Once these steps have been followed PRECISELY, your computer will either be working perfectly, or you'll have a workable excuse to buy a new one.
 
I think it's software related because I ran the profiler before I changed it to the ASIO driver. And everytime I did I got a blue screen telling me about a memory dump or something. So I disabled the SB Live and left the AP on ASIO. I'll probably have to reload the whole machine at some point.
 
Porter said:
ASIO drivers don't have Wave Profiler... only WDM drives do.
I'm intrigued Porter!

I take it you are saying that Wave Profiler doesn't operate or isn't necessary when ASIO drivers have been selected.

Why is it so? My HS2002 doesn't support ASIO drivers, so I can't verify the veracity of your statement.

--
BluesMeister
 
Because Lordy BluesMeister, when you select the ASIO driver and restart SONAR, the wave profiler button will change to ASIO property button. Click on it will open the ASIO property instead of wave profiler :) I don't know, but I'm sure HS2004 (which support ASIO) will be similiar :)

;)
Jaymz
 
As Jaymz said... basically with WDM Drivers, the wave profiler looks at the card and sets the buffers automatically, hence setting the best possible latency... with ASIO, you set the buffers yourself... hence setting your own latency.

Porter
 
Porter said:
As Jaymz said... basically with WDM Drivers, the wave profiler looks at the card and sets the buffers automatically, hence setting the best possible latency... with ASIO, you set the buffers yourself... hence setting your own latency.
Yes, but just remember you need to set the buffers in the cards Control Panel before using the Waveprofiler. It took a long time before I figured that out. ;)
 
I finally had some time to mess around with this and get it working. I increased the DMA Buffer Size in the Delta control panel to 1024 samples and that seemed to fix it. This is using the ASIO driver. But now when I try to track, I hear the original signal plus the latency signal which makes it sound like a quick echo. This probably sounds like a dumb question but how do you listen to one track while recording another without that damn echo?
 
djc said:
This probably sounds like a dumb question but how do you listen to one track while recording another without that damn echo?
TURN OFF INPUT MONITORING.

Options > Audio > Input Monitoring
 
I have another question while I'm at it.
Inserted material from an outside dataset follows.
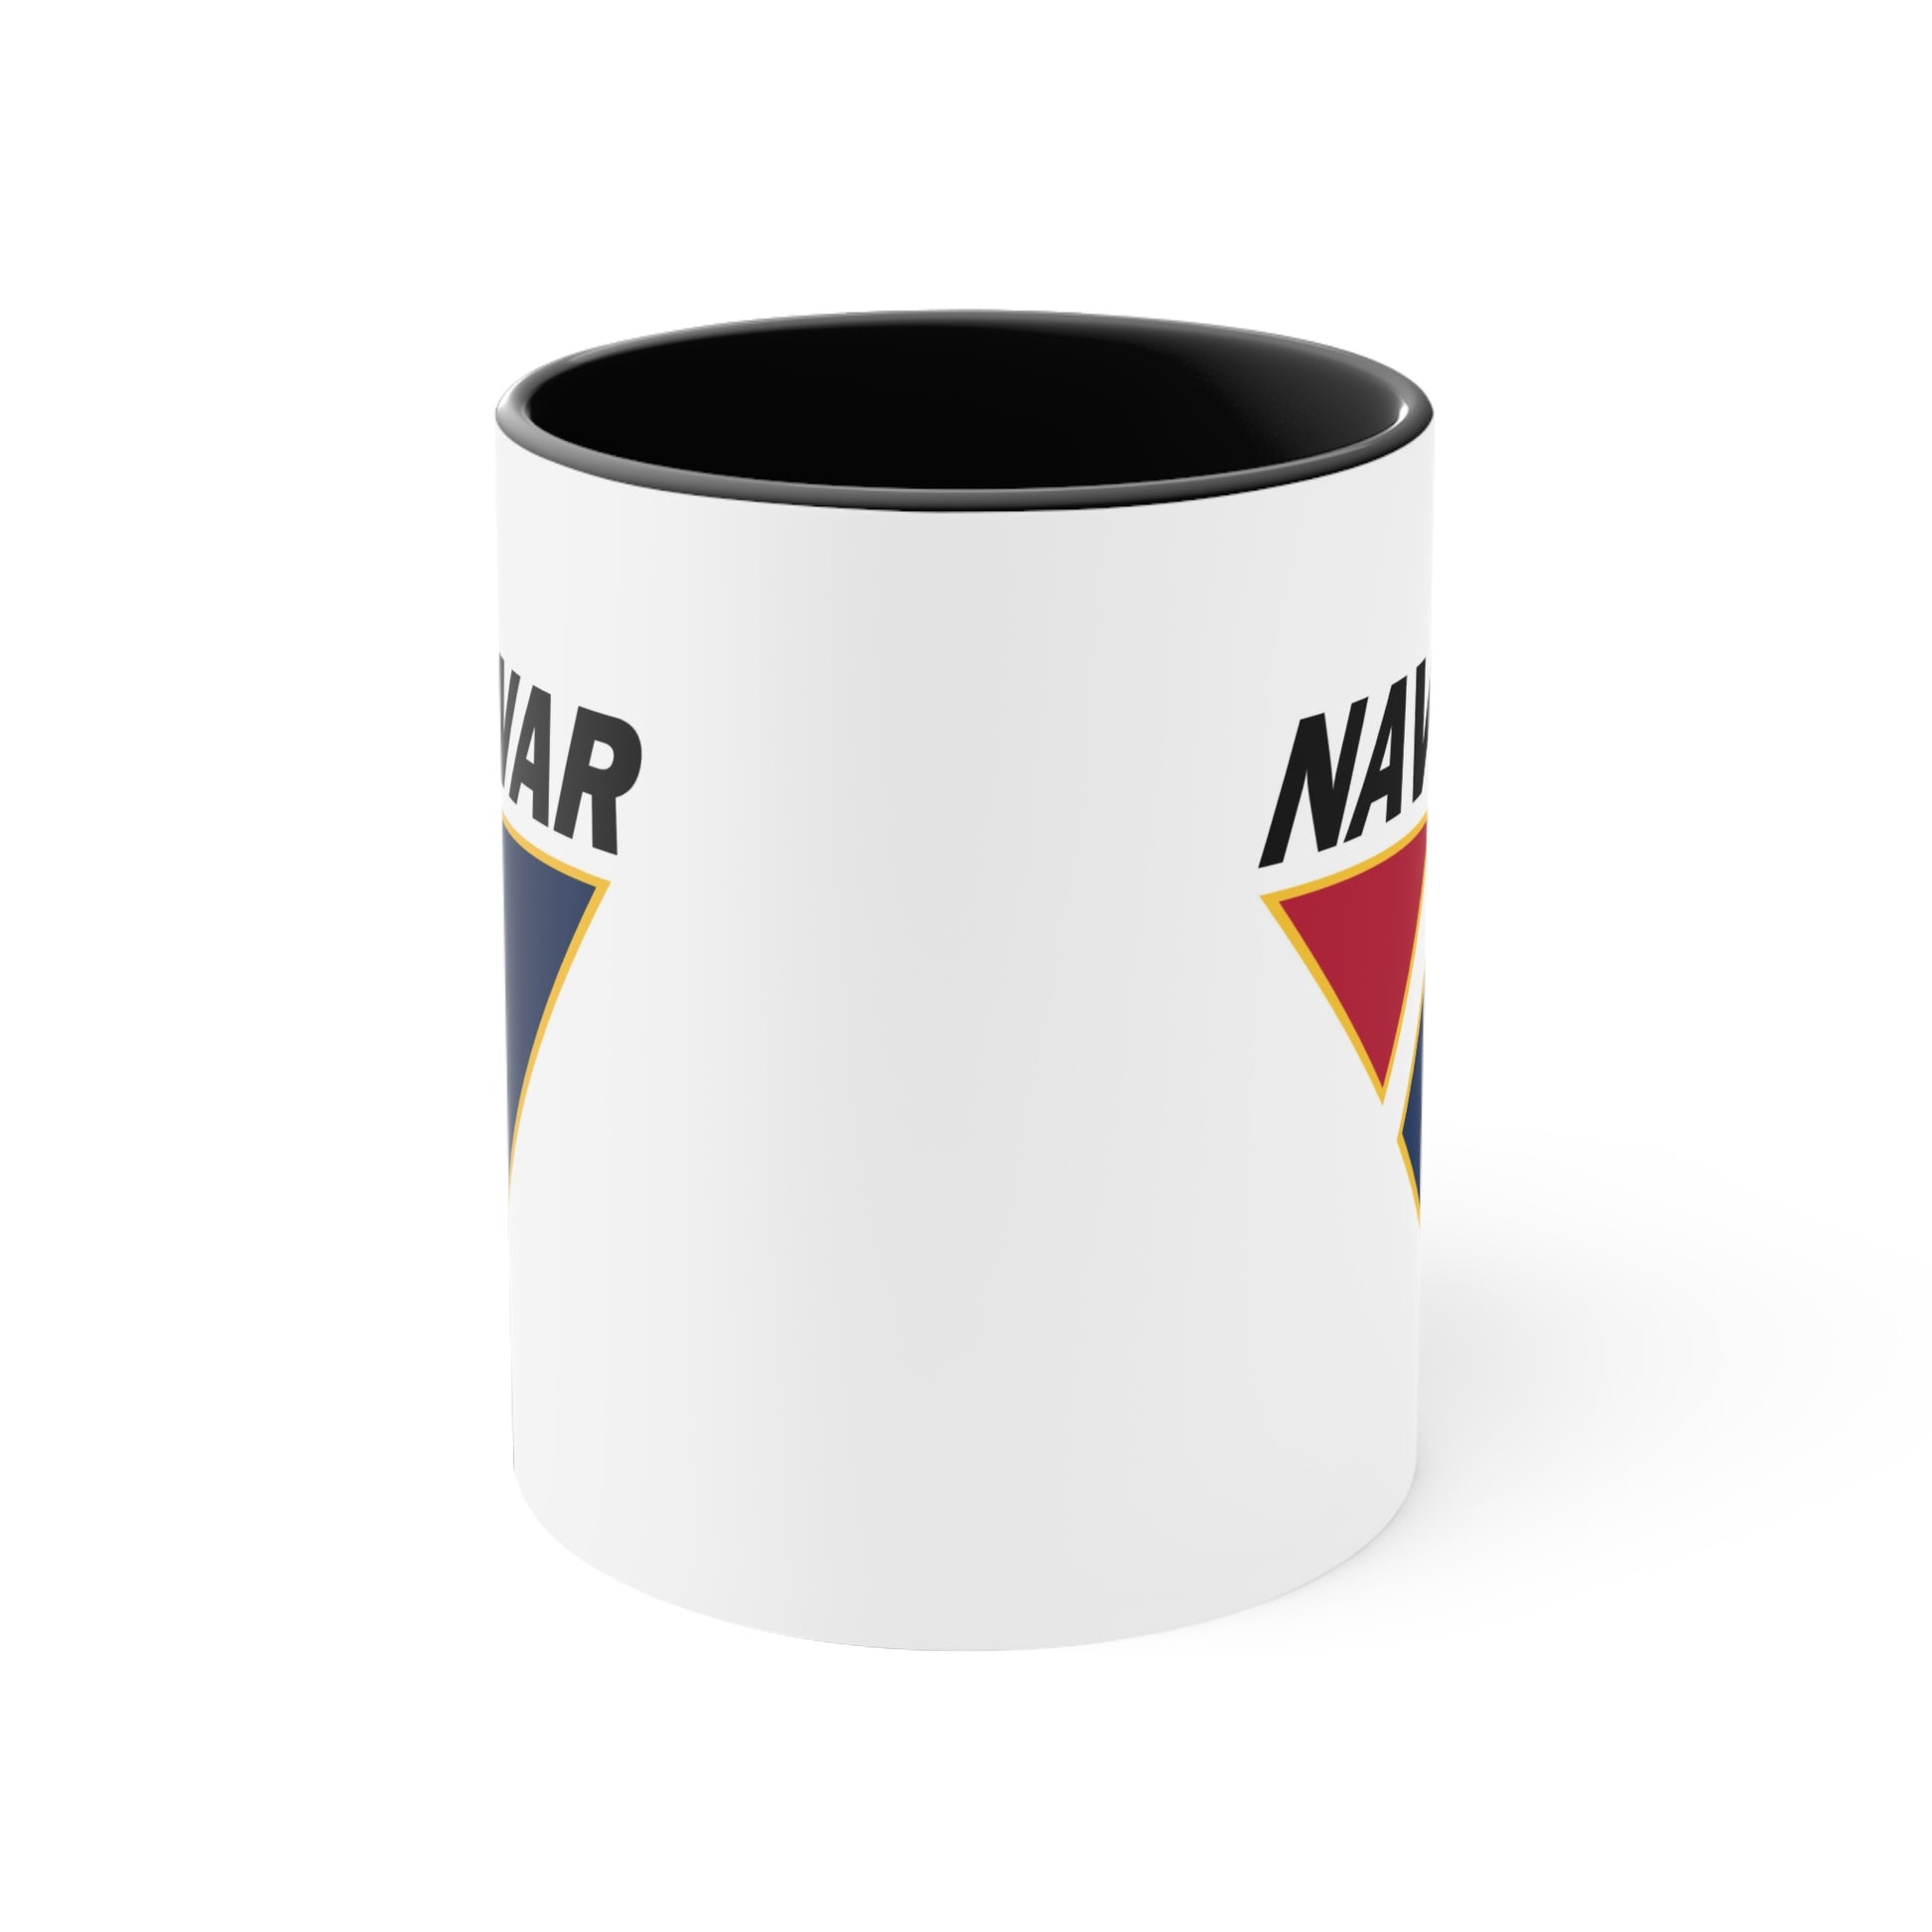 US Navy NAVWAR Coffee Mug - Black Accent Two Tone White Ceramic 11oz Size by TheGlassyLass.com

How do you set up the Delta control panel properly for recording? I want to be able hear an existing audio track/or tracks and the armed track that I'm recording at the same time, but I get leakage from the existing tracks into the armed track when I record. I just don't get that Delta control panel. Maybe I'm not understanding the routing properly. Anyway, how do you all set yours up?
 
I use hardware monitoring via a Mackie mixer.

Without a mixer, I think you can also do it using the Monitor Mix feature in the Delta Control panel. However, someone else will have to 'splain how to set it up.
 
I have the AP2496 output going to an old Tascam 106 Mixer that I'm using for an output distribution mixer. That way I can assign the output to a variety of amp/speaker configurations.